Hey i would love to try this, but the only 360 o still have turns on but shuts off after about 10 seconds and the light on the power brick turns red. Can i just replace the power brick?


----------



## godreborn (Nov 29, 2021)

rufuszombot said:


> Hey i would love to try this, but the only 360 o still have turns on but shuts off after about 10 seconds and the light on the power brick turns red. Can i just replace the power brick?


possibly, that would be suggestion on fixing it, but there's no guarantee that it's not something else.


----------



## giovany86 (Nov 29, 2021)

rufuszombot said:


> Hey i would love to try this, but the only 360 o still have turns on but shuts off after about 10 seconds and the light on the power brick turns red. Can i just replace the power brick?

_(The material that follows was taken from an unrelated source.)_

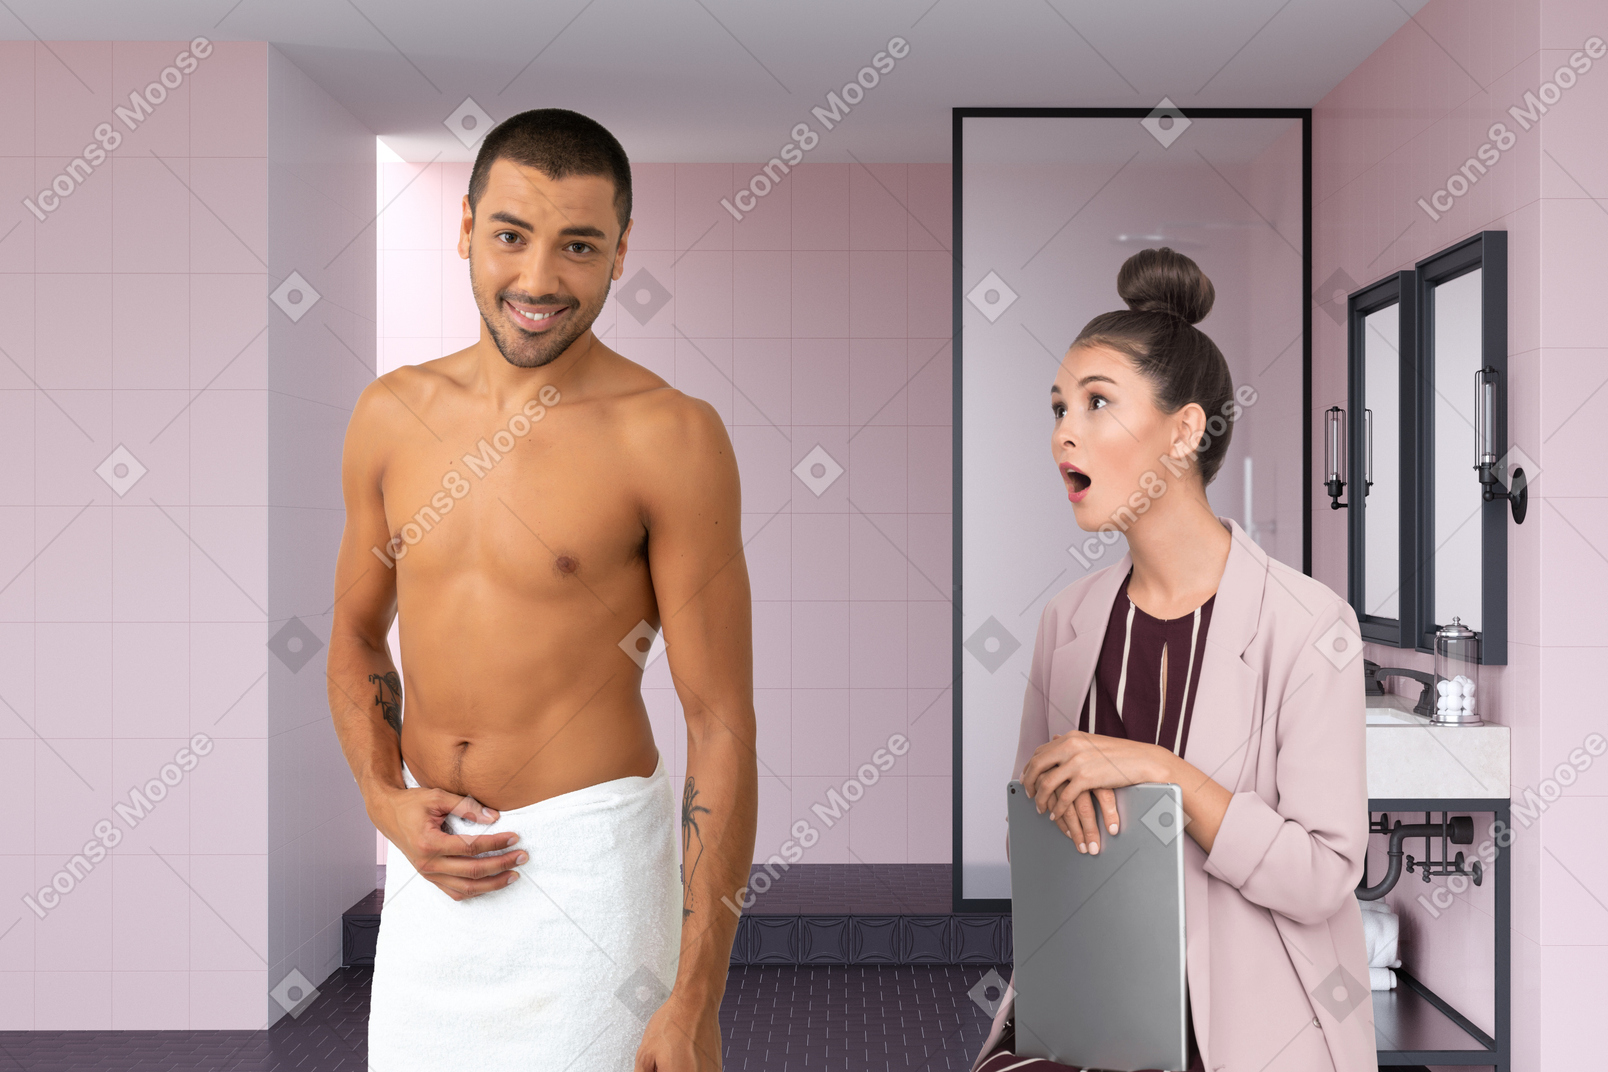 Surprised woman looking at half naked man in bathroom

Mine did the same thing after flashing the file with the wrong mode selected. Might be a short-circuit / false-contact on your board, did you checked for any thing that could prevent it from booting ?


----------



## godreborn (Nov 29, 2021)

E79 iirc can happen if you messed up a flash.  it's usually one blinking red light on phats just like E74.


----------



## ploggy (Nov 29, 2021)

I'm a little confused about the Trinity points.. In the Trinity Wiring Pic you can see the SMC_PLL and SMC_POST1 points but not where they goto, The Corona Wiring Pic has both. Do I use the PLL and POST1 points from the Corona Pic?


----------



## Lynxtver (Nov 29, 2021)

ploggy said:


> I'm a little confused about the Trinity points.. In the Trinity Wiring Pic you can see the SMC_PLL and SMC_POST1 points but not where they goto, The Corona Wiring Pic has both. Do I use the PLL and POST1 points from the Corona Pic?


Yes


----------



## chrisrlink (Nov 29, 2021)

question is will rgh 3 work on E since it attacks a different part of the 360 w/o a chip  (iirc you had to desolider something to reach the attack point on the E For RGH 2


----------



## ploggy (Nov 29, 2021)

Lynxtver said:


> Yes


Thank You, I guessed so but I had to be sure


----------



## FAST6191 (Nov 29, 2021)

Very shiny. 9.86A supply on slim says I have a corona as my main machine so will probably look at that as I really do miss having a homebrew 360 (USB /HDD loading, region free, cheats, XBLA and DLC is so nice to have. RIP little JTAG), though I also have a 360 that failed the DVD update and have been meaning to RGH for years now so might look at that too. Do also have a Jasper with the NAND reader already wired in (and possibly even some dumps, was set to be JTAG but owing to an unfortunate event in a LAN session about 2 weeks before that dropped for real...) so might have to figure out if I have a machine with a suitable parallel port.
Also I am really not a fan of soldering in NAND bothering options for the 360. So tempted to get a nicer to use setup here even if it is ultimately going to be less than 5 machines I do this on.


----------



## Mena (Nov 30, 2021)

chrisrlink said:


> question is will rgh 3 work on E since it attacks a different part of the 360 w/o a chip  (iirc you had to desolider something to reach the attack point on the E For RGH 2


Corona E's yeah, Winchester no. It's the same exploit but glitches at a different post bit. Still uses the RST line which is still cleaned properly on a winchester


----------



## ploggy (Nov 30, 2021)

I decided to get my dead dvd drive Trinity and have a crack at this.. I've Dumped 2 (matching) Nands and soldered the SMC_PLL and SMC_POST1 Points..
Now I'm not sure where to go next..
Do I Flash the "RGH3_Trinity.bin" as a ECC? I have Jtagged and RGH a couple Consoles before but it was so long ago I forgot most of the steps 

EDIT: Crap just realised I haven't got a 1K-10K Resistor.. Down tools for a few days till I grab some, 2K should be ok..
May as well grab some thermal paste while I'm at it


----------



## veggav (Nov 30, 2021)

Is it a 2 wire mod?

I have a RGH with a chip. 
Would be interesting to understand what you need to do to go from chip to chipless.


----------



## BigOnYa (Nov 30, 2021)

veggav said:


> Is it a 2 wire mod?
> 
> I have a RGH with a chip.
> Would be interesting to understand what you need to do to go from chip to chipless.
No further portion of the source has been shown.